Is there a mode that looks at comment frequency/intervals?

No there isn't, that might work but I'm not sure what data is available through the API. It'd prob need more processing than normal though to keep track of comment times when possibly sorting through 10000s of comments

ThioJoe commented 2 years ago

The YouTube API actually does provide the time a comment was posted down to the second, but I'm not sure if it would be worth doing

Rairye commented 2 years ago

@ThioJoe @Firecul Yeah, it would require some extra work, but there is a relatively easy solution.

You would have to iterate through the comments and create an inverted index by author (basically, a dictionary where the keys are the name of the author and the values are a list of the indices of the comments made by that author, such as {"author1" : [2, 3], "author2" : [5] }). Then, iterate through the inverted index to find authors who have at least n comments and then calculate the frequency/intervals for those comments only.

The only other solutions that come to mind would be to: (1) sort comments by author and chronologically and then join them into a single string before running it through the filter, or (2) check if a comment is a fraction of a telephone number by using something like is_number_fraction = not any ([char.isalpha() for char in comment])

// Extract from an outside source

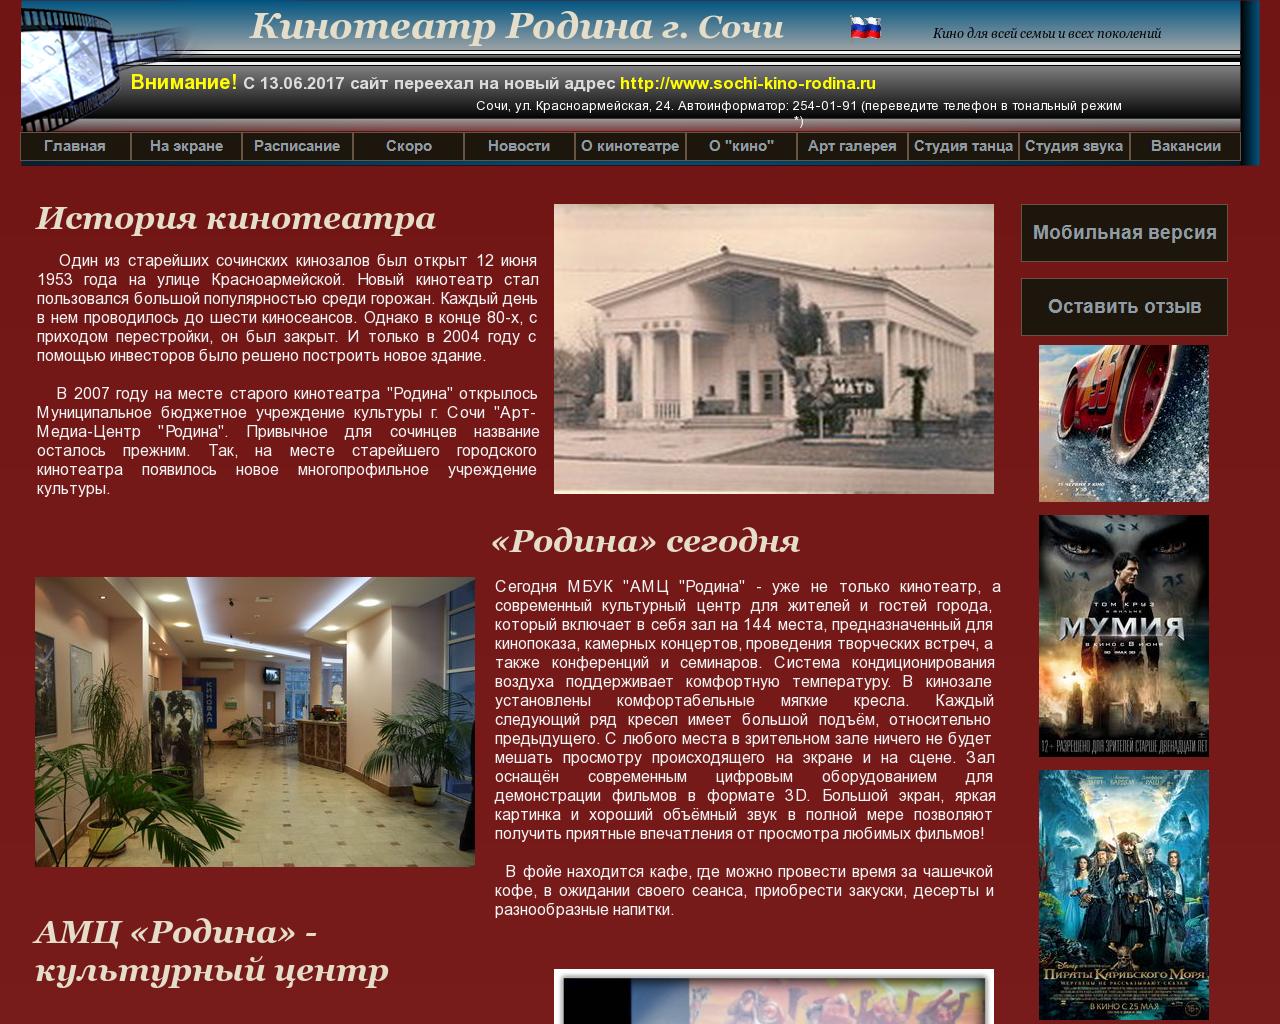 Изображение сайта soch-kino-rodina.ru в разрешении 1280x1024
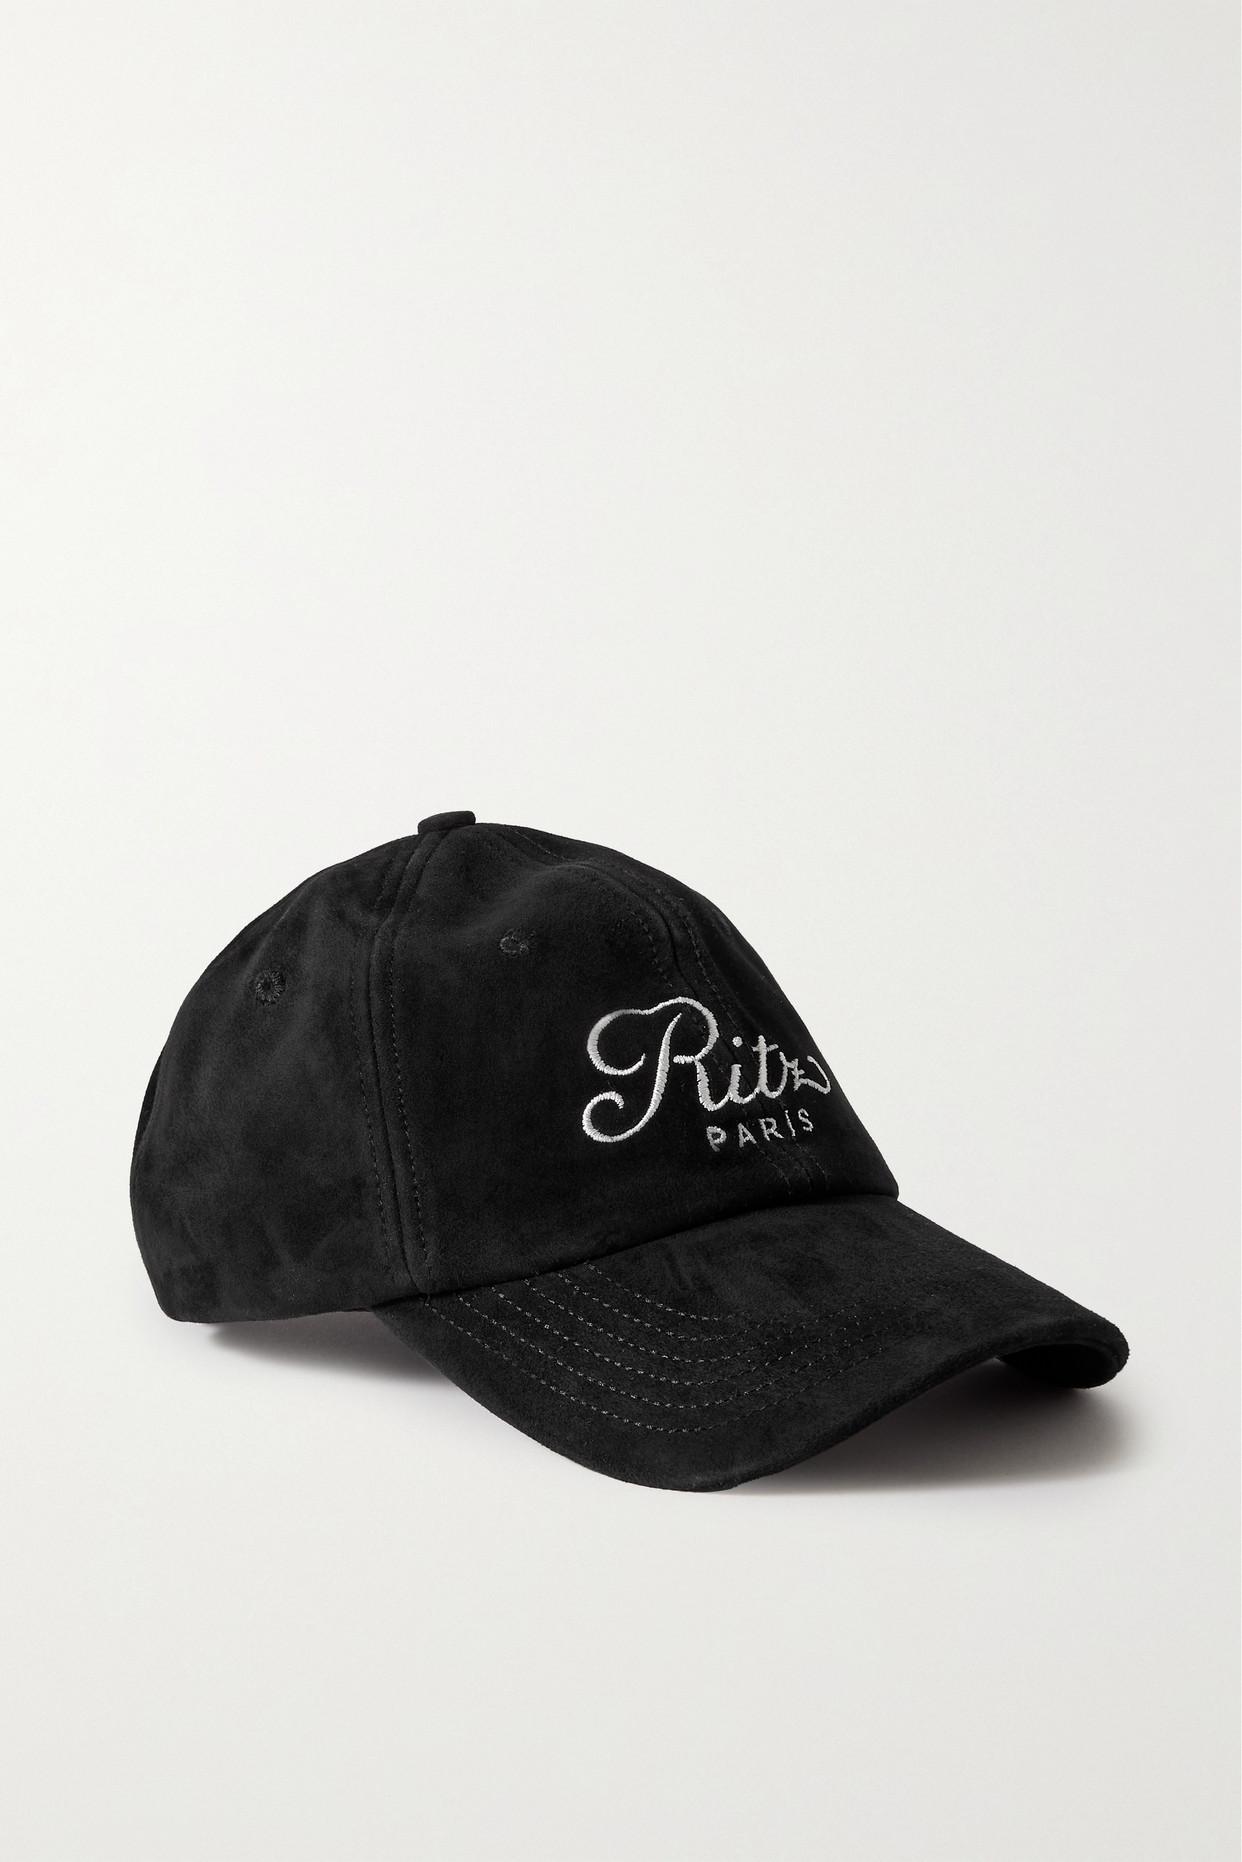 FRAME + Ritz Paris Embroidered Suede Baseball Cap in Black

ThioJoe commented 2 years ago

Adding all those checks would probably increase the processing time and slow down the scanning considerably I think

Rairye commented 2 years ago

Yeah, I mean, I don't think (1) and (2) are viable solutions as (1) would take too long and (2) would return False in almost all cases. The reason I propose the solution using the inverted index is that it would detect more spammy behavior than just the example shown here. Obviously, if that overcomplicates things, users can still find this type of spam using regex.

RacerDelux commented 2 years ago

I would just look for a + or two numbers. If true, check to see if the next comment by the user has just numbers. This could help find the spam comment, but have minimal impact on scanning.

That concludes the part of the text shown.